2009年10月30日

cast-as-lvalue

長らく 3.x だった MinGW の GCC も、ようやく今年の 6 月に 4.0 がリリースされ、4.x 移行はだいたい終了したのではないかと思われます。今後は 4.x を無視することはできないと思われます。

gcc 3.x から 4.x に移行する際に問題となる変更の 1 つとして、cast-as-lvalue という GCC 拡張の削除があります。
cast-as-lvalue とは、キャストの結果を左辺値として使える、という機能です。


以下のように、3.x では警告で済んでいたコードが、4.0 からは通らなくなっています。
$ cat cast_as_lvalue.c
int main()
{
    float f;
    (int)f = 0;
    return 0;
}

$ gcc -v
。。。
gcc version 3.4.5 (mingw-vista special r3)

$ gcc cast_as_lvalue.c
cast_as_lvalue.c: In function `main':
cast_as_lvalue.c:5: warning: use of cast expressions as lvalues is deprecated

$ mingw32-gcc-4.4.0.exe cast_as_lvalue.c
cast_as_lvalue.c: In function 'main':
cast_as_lvalue.c:5: error: lvalue required as left operand of assignment
多少冗長ですが、以下のように、キャスト結果それ自体を左辺値にしないように書けば大丈夫です。
$ cat cast_as_lvalue1.c
int main()
{
    float f;
    *((float*)&f) = 0;
    return 0;
}

$ mingw32-4.4.0-gcc.exe -ansi -pedantic cast_as_lvalue1.c
$
cast-as-lvalue は、簡単な代入文の場合は便利ですが、ちょっと複雑になると、容易にメモリアクセスのセマンティクスが曖昧になってしまいます。
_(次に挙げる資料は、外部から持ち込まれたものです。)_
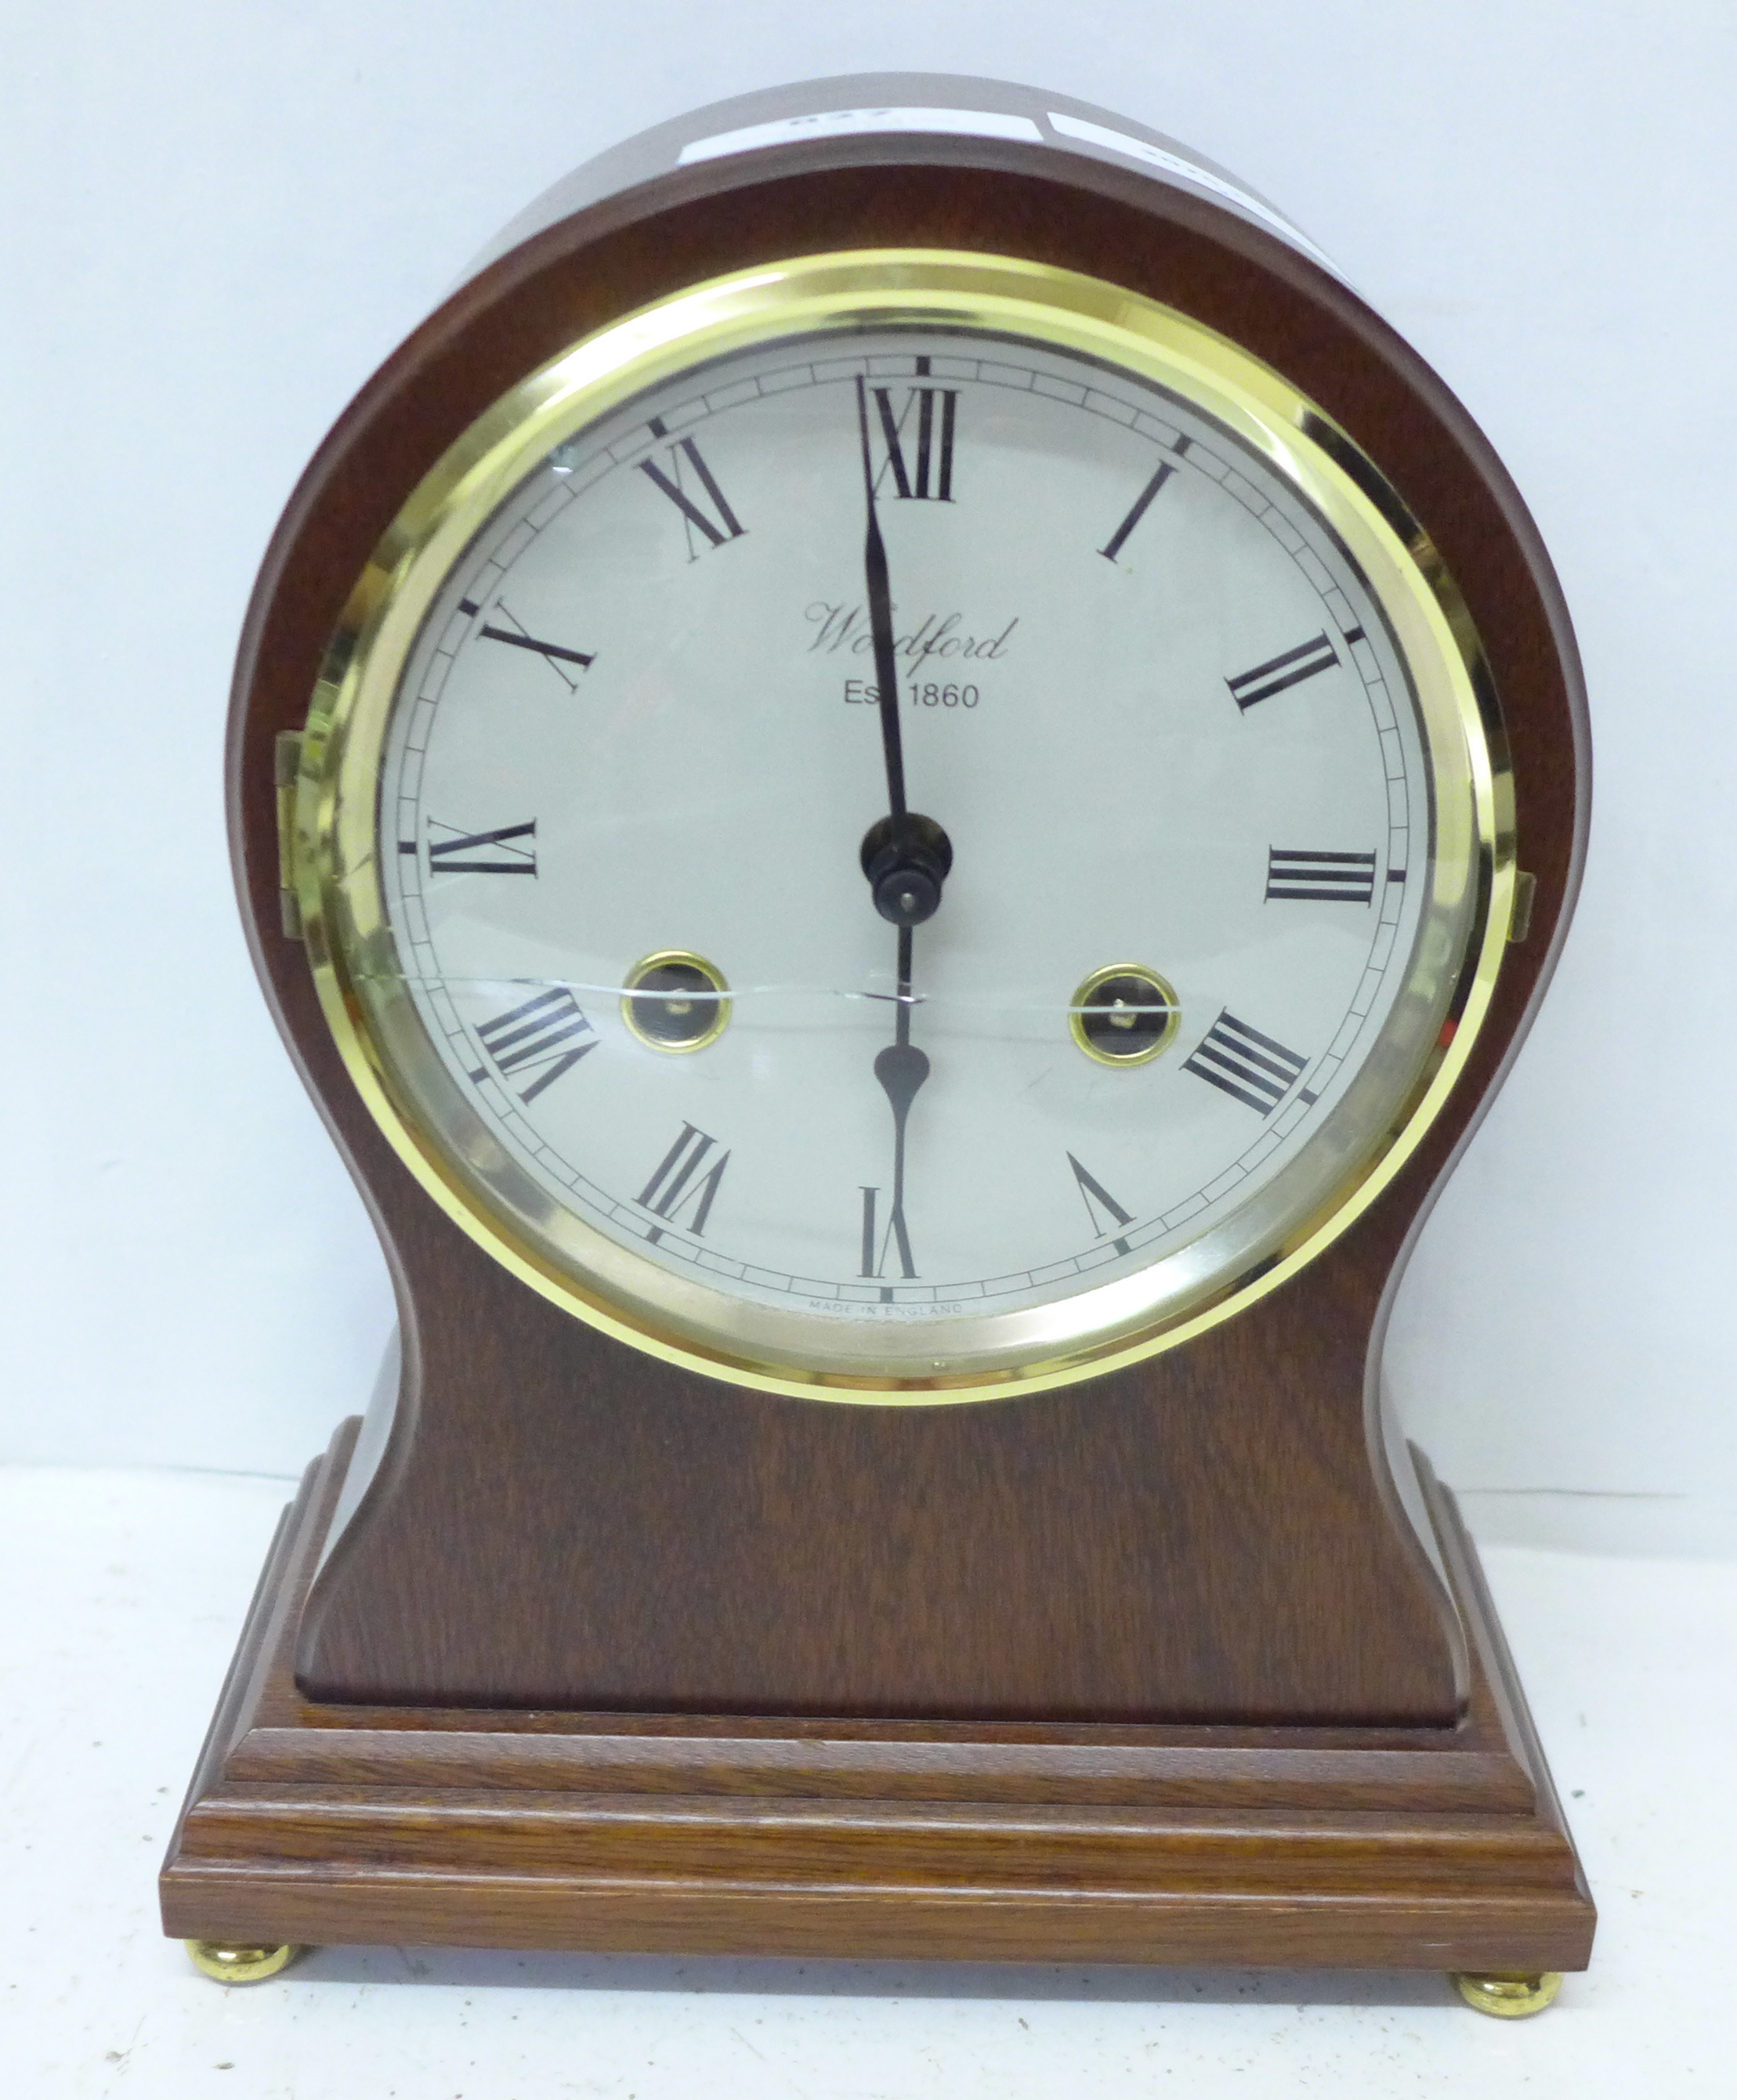 A Woodford floating balance clock with striking Franz Hermle movement, glass a/f
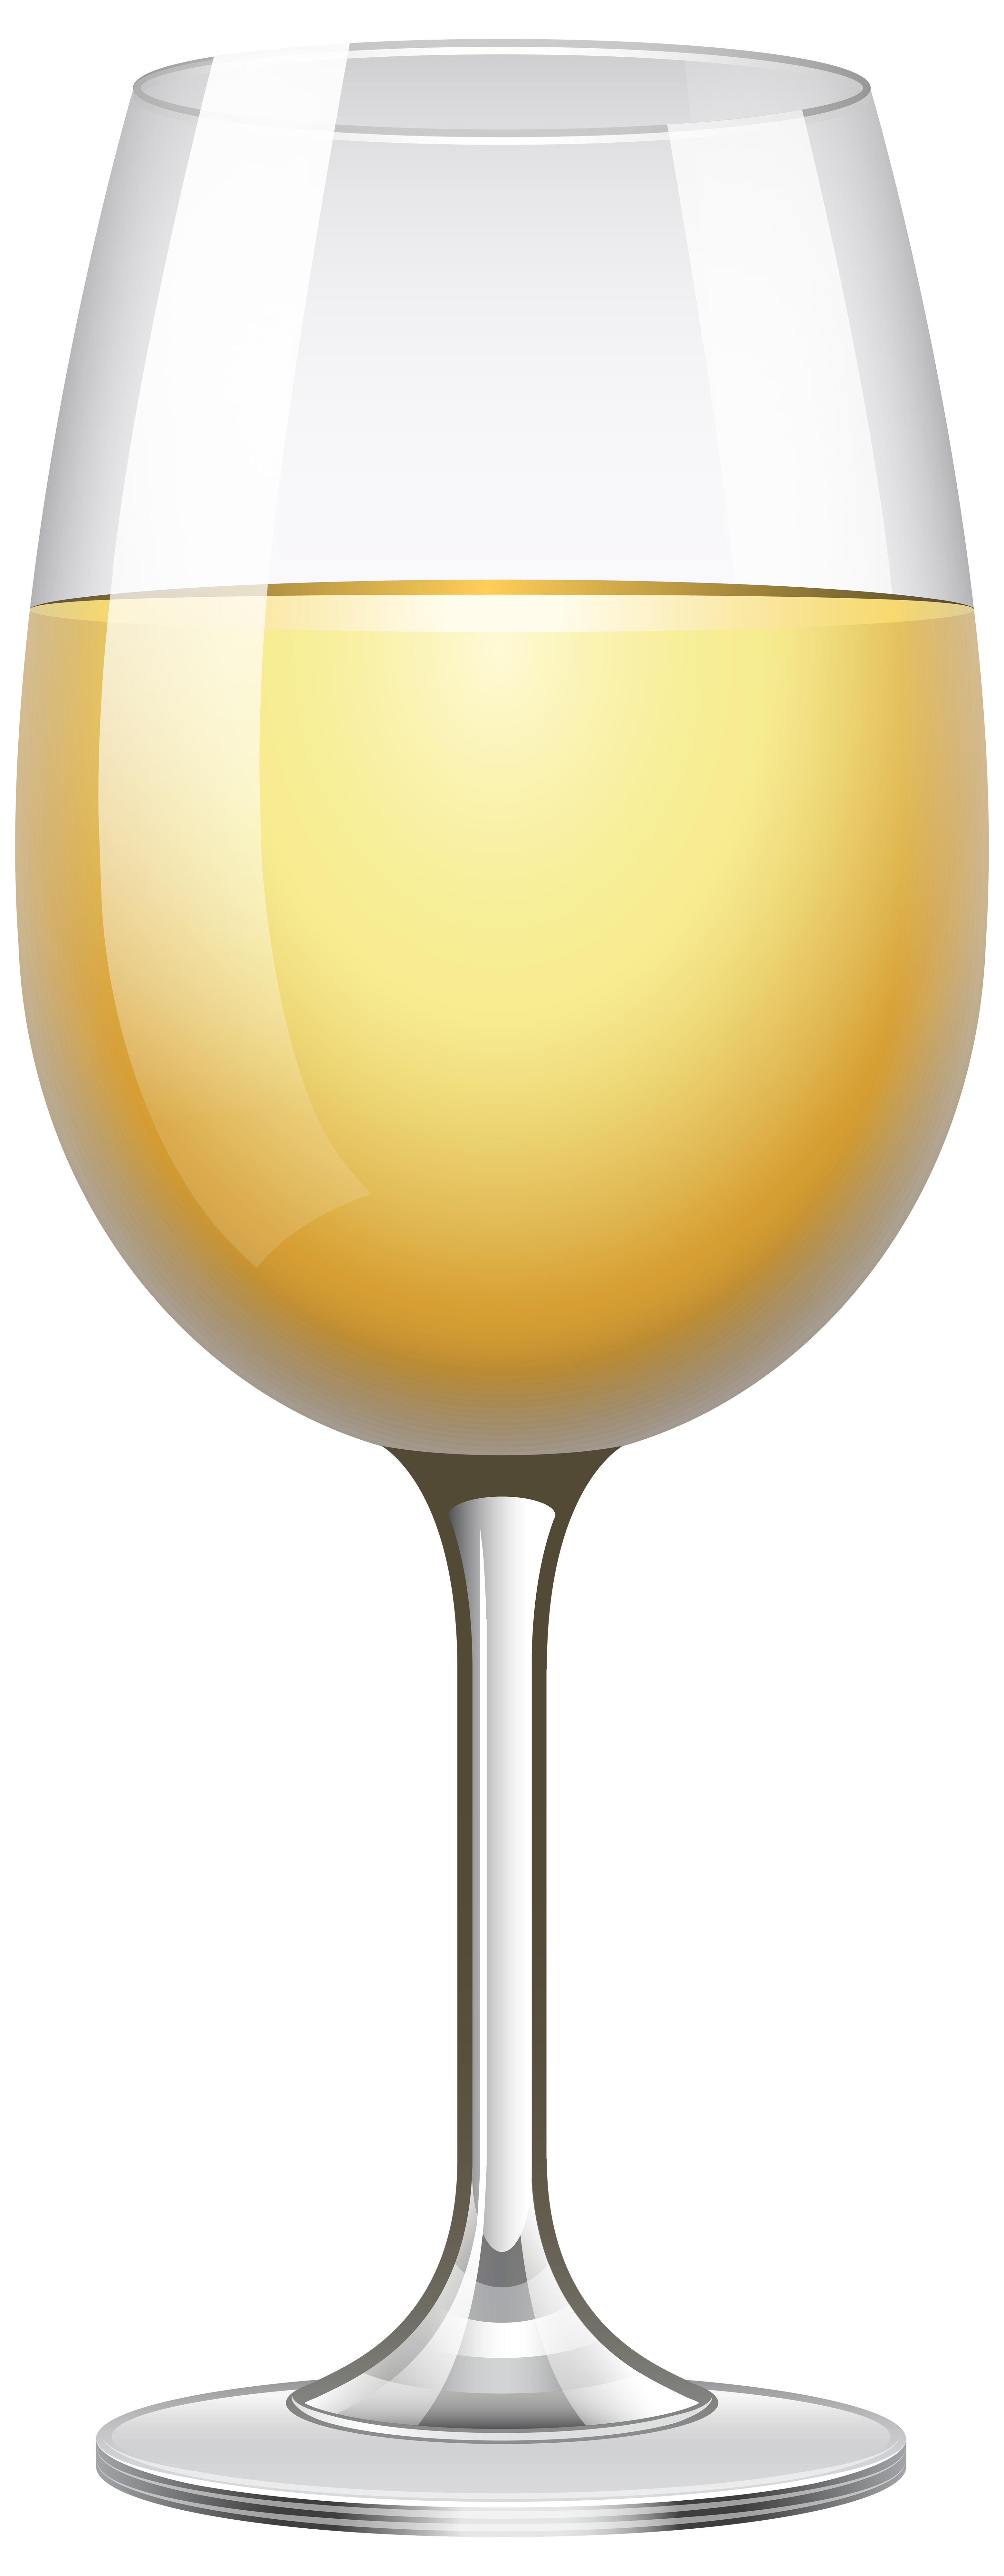 clipart glass of wine - photo #28

例えば、以下のようなプログラムの場合、後置の ++ は、一体どの型で p をインクリメントするのでしょうか ?
$ cat cast_as_lvalue2.c
#include <stdio.h>
int main()
{
    int a[10];
    char *p;

    p = a;
    *((int *)p)++ = 0x123;
    *((int *)p)++ = 0x456;

    printf("0x%x\n", a[1]);

    return 0;
}
p は int * にキャストされた後、右辺値として dereference され、その結果の int 型の変数を左辺値として 123 が代入されます。ここまでは何も問題無いです。
しかし、その後、p は int * のまま 4 (sizeof int) インクリメントされるのでしょうか ? それとも、元の char * として 1 インクリメントされるのでしょうか ?

手元の GCC 3.4.5 では 0x456 が出力されるので、int * としてインクリメントされているようです。 VC++ 2008 の cl でも同じでした。(cl では通るようです。gcc-4.4.0 では lvalue required as increment operand というメッセージとともにエラーになります。) しかし、一般にはどちらの解釈も可能だと思われます。

もし cast-as-lvalue のセマンティクスを厳密に定義しようとするならば、非常に複雑な仕様になるだろうと予想されます。GCC の採った、機能自体の完全削除という選択は、一番すっきりした妥当な選択だと思います。